Re: Refrigerator Replacement

Posted: Mon Aug 17, 2015 4:00 pm
by Trowerpower
:) Something to be said for keeping it simple stupid! My Norcold is still keeping our food/beer cold so until it quits, she is staying aboard.

Re: Refrigerator Replacement

Posted: Fri Aug 21, 2015 6:07 am
by Fastjeff
After our original 'fridge dies, we replaced it with an 'apartment sized' 'fridge (under 180 bucks at Home Depot) that fit in the same place. It lasted 4 or 5 years. Bought another that's still going strong.

Jeff

Re: Refrigerator Replacement

Posted: Mon Aug 21, 2017 7:25 pm
by ronmar
I have a 1990 32 Sedan FB. Previous owner replaced the refrigerator with a 110V AC unit. Quite certain trying to save money and rarely left dock so shore power sufficed for their needs. I thought of adding an inverter but it appears really only good for short time use and requires more batteries. I want to replace back to 2 way AC/DC unit so I can continue using refer when away from dock. Does anyone know what size and dimensions original 2 way AC/DC refrigerators were? I do not have a genset so looks like changing back to AC/DC overall best option. Found some decent buys on some RV 2 way refers (not the absorbent type) but need the dimensions to make sure will fit.
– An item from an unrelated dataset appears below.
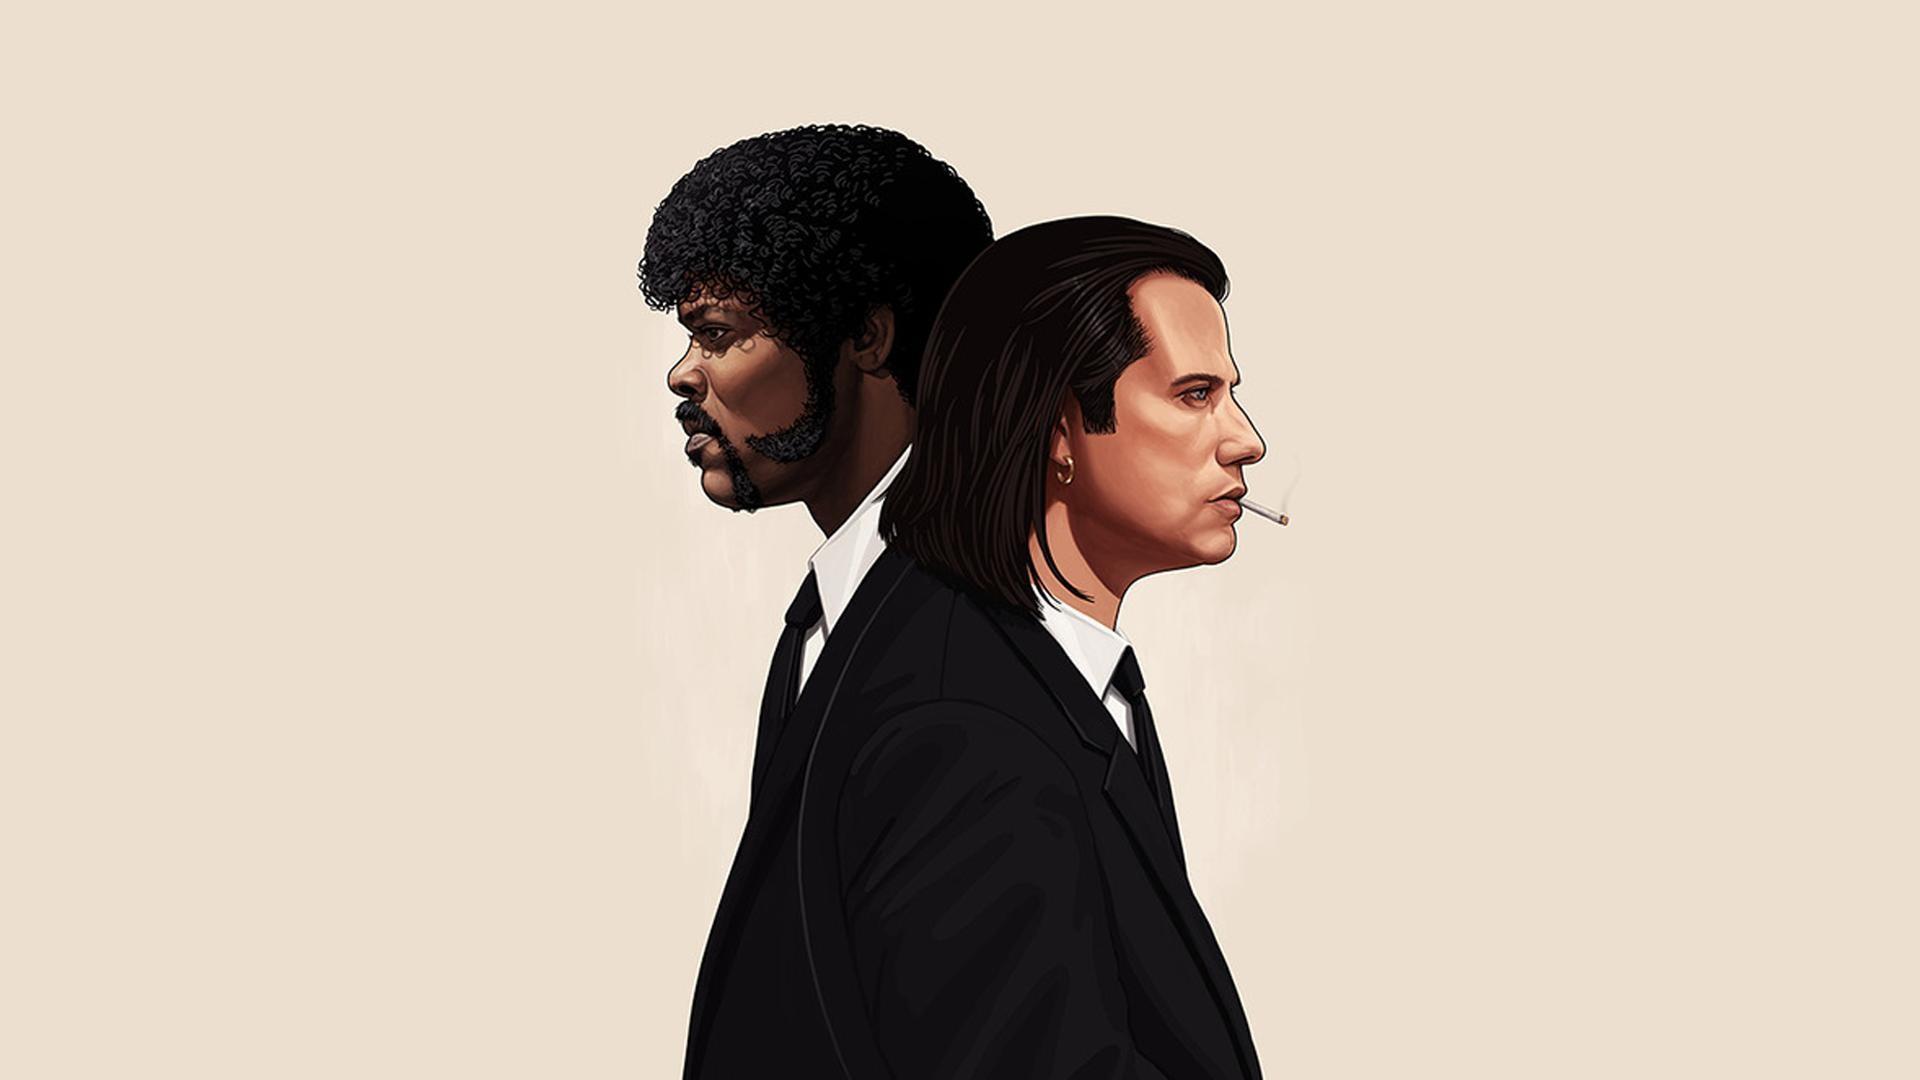 Movie – Pulp Fiction Wallpaper

Re: Refrigerator Replacement

Posted: Mon Aug 21, 2017 8:30 pm
by bpboater
I just went through this issue on our 1988 41 Marinette. It had an 8 cu ft Norcold DE828 that had a separate compressor for the cold section and one for the freezer section. It used a lot of energy. The compressor for the cold section locked up. The twin power supplies are ok. In the end, I opted for a $350 GE 5.6 cu ft model that runs on 120 only. I have an inverter nearby and just move the plug for the fridge from the 120 vac outlet to the inverter when we leave the dock. It is so quiet and keeps food really cold. The refrigerator is 18 inches shorter than the one that was there. I built a shelf to elevate the fridge and put doors below it for storage. No more stooping to the floor to use the vegetable crisper section.

Re: Refrigerator Replacement

Posted: Mon Aug 21, 2017 9:38 pm
by ronmar
How many watt inverter did you use and does it stress batteries for a long run? I saw a video by West Marine stating refers need additional batteries and can stress them.